Carole Jo Kabler (June 13, 1938 – March 16, 2017) was an American professional golfer who played on the LPGA Tour. She also competed under her married names: Carole Jo Skala, Carole Jo Callison, and Carole Jo Whitted.

Kabler was born in Eugene, Oregon. She had an outstanding amateur career, winning the Oregon Girls' Junior twice (1954, 1955) and the Oregon Women's Open four times (1955, 1961, 1962, 1965), along with several other wins. In 1955 she won the U.S. Girls' Junior and in 1957 was a semi-finalist in the U.S. Women's Amateur.

Skala turned professional in 1970. She won four times on the LPGA Tour (competing as Carole Jo Skala) between 1973 and 1974.

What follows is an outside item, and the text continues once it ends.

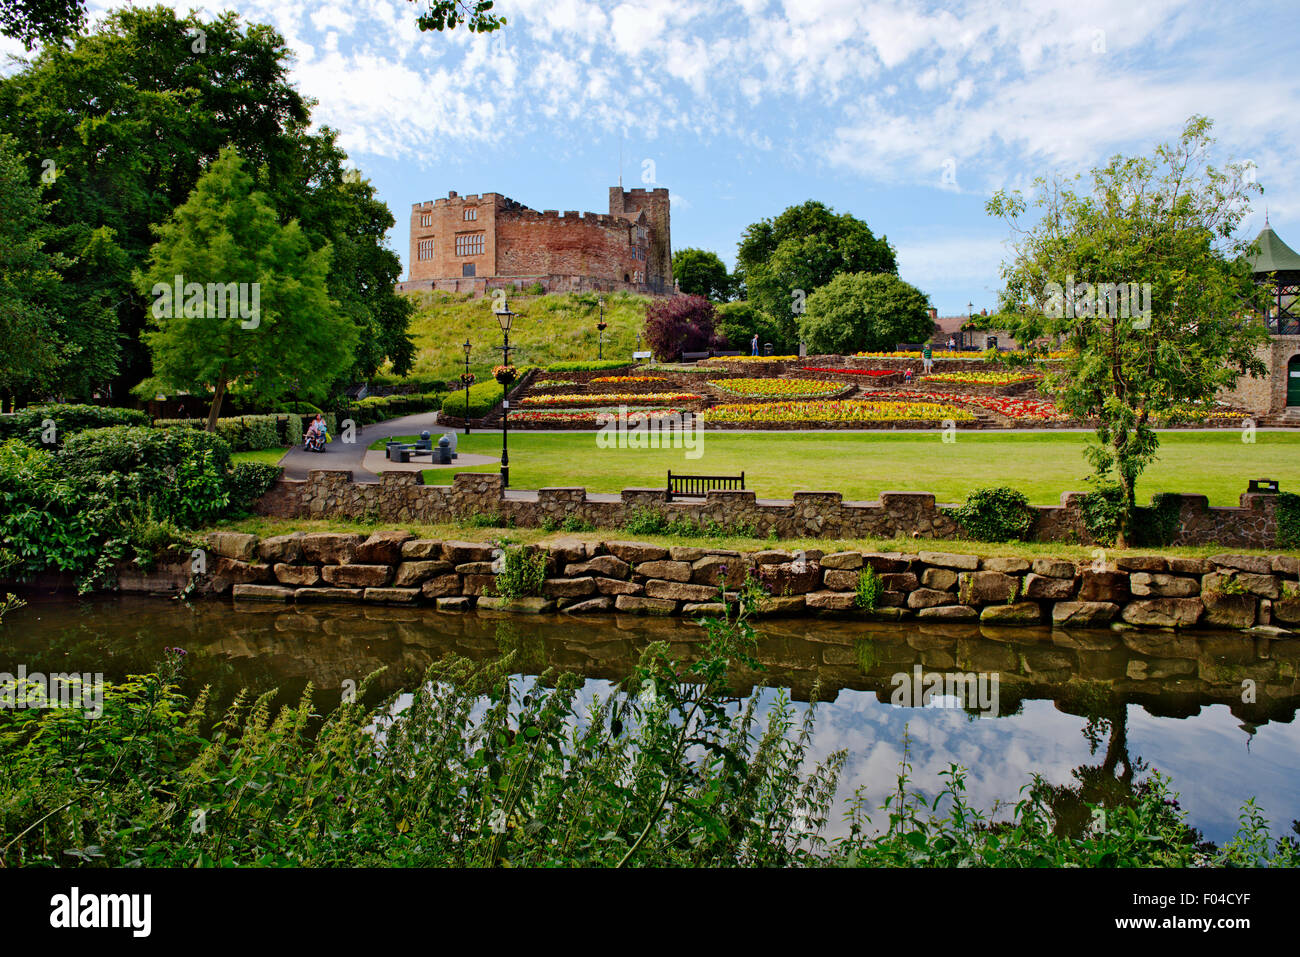 Castle and Castle Park gardens with Anker River, Tamworth, Staffordshire Stock Photo

Kabler married Michael Skala in 1958. They divorced in 1980. In 1981, she married Verne Callison (1918–1993), a two-time winner of the U.S. Amateur Public Links. In 1995, she married John Whitted, Jr. She was inducted into the Pacific Northwest Golf Association's Hall of Fame in 2009.

Professional wins

LPGA Tour wins (4)

Note: Kabler won the Peter Jackson Ladies Classic (which became the du Maurier Classic) before it became a major championship.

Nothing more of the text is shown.